Data Modelling Topologies of a Graph Database

The associative data graph database model is still a heavy hitter, stacking up well against property graphs and triples/quadruples. Expect a comeback.

Definition

There is a lot of confusion with the definition of graph databases. In my opinion, any definition that avoids any reference to the semantics of nodes and edges or their internal structure is preferable. Failing to follow this guideline, it is unavoidable to favor specific implementations, e.g. Property Graph Databases or Triple Stores, and you may easily become myopic to other types that are based on different models, e.g. hypergraph databases, or different data storage paradigms, e.g. key-value stores. Therefore, I propose we adopt a vendor neutral definition, such as the following one, which cannot exclude any future type of graph database.

A Graph Database is a database that uses a graph topology, i.e. vertices and edges, to manage information at the conceptual level independent of the logical and physical implementation of the graph data structure.

— Athanassios I. Hatzis, 28th February 2017

Graph Databases Per Data Model

That said, there are many differences in the conceptual, logical, and physical layers of graph databases. These affect everything — visualization, query language, indexing, scaling, and transactions. Now, let me focus on the conceptual/logical layer, where my work is based. Depending on the structure of nodes and edges, one can describe the following three different data models.

Property Graph Data Model

Entity-centric with embedded properties and edges with bidirectional linking — Directed Labeled Graphs
Neo4J, OrientDB, ArrangoDB, etc.

Triple/Quadruple Data Model

Edge-centric with unidirectional linking on vertices — Directed Labeled Graphs
GraphDB, AllegroGraph, OpenLink Virtuoso, etc.

Associative Data Model

Hypernodes, Hyperedges, bidirectional linking — Hypergraph/Bipartite Graph
Topic Map Data Model, R3DM/S3DM, X10SYS (AtomicDB), HypergraphDB, Qlik Technology

There are two main differences between (1) and (2). First, the type of edges in a property graph, by definition, is bidirectional. You can traverse any edge both ways, despite the fact there is a direction on the edge. On the contrary, with RDF, you have to define two labeled edges with opposite directions to achieve bidirectional linking. And secondly, in literal triples, object parts are properties of a subject part, but they are not first-class citizens and they are not embedded inside the structure of Entity nodes of a property graph.
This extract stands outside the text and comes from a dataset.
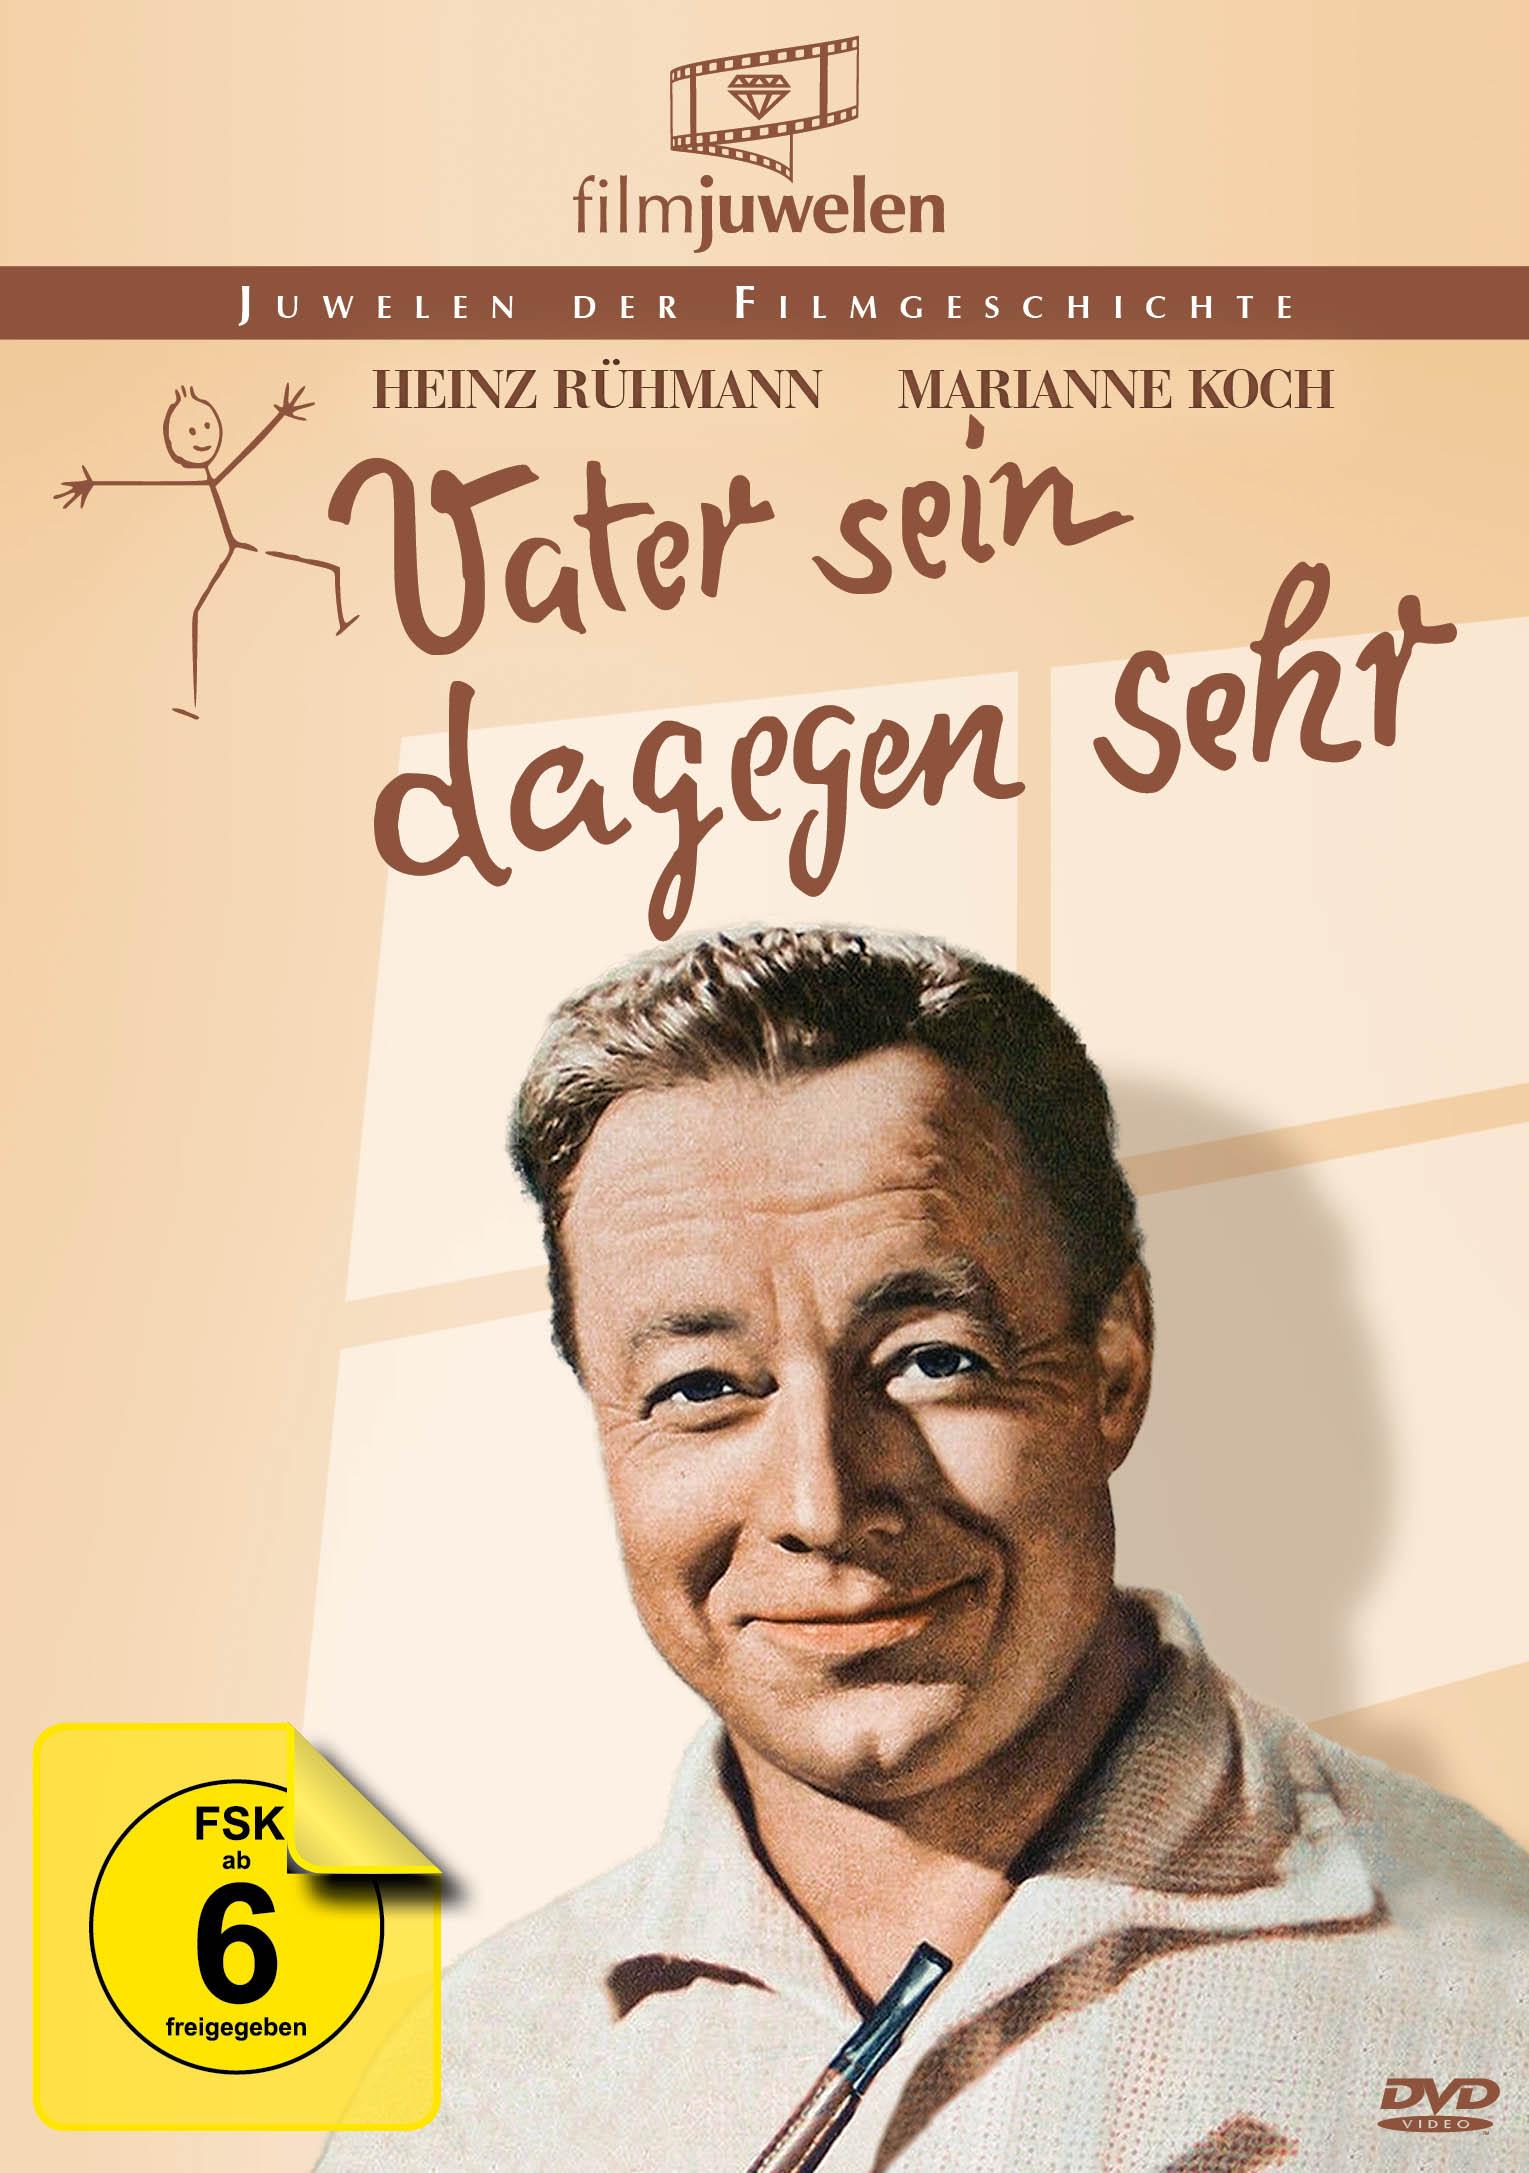 Heinz Rühmann Edition - Vater DVD sein dagegen sehr

I left the associative data model as the last thing to mention. R3DM/S3DM is the reincarnation of Topic Maps, the de facto standard for the representation of associations. The following series of posts on associative data modeling is written with a hands-on practice style. It is an attempt to clear the information glut of many-to-many relationships (a.k.a associations) with a thorough examination of well-known data models and at the same time introduce R3DM/S3DM to the public.

Epilogue

The verdict from this quick review on graph databases is that I have reasons to believe that associative data modeling is far more powerful and expressive than the other two. I foresee that DBMS vendors that will incorporate in their products R3DM/S3DM technology will eventually have a significant competitive advantage.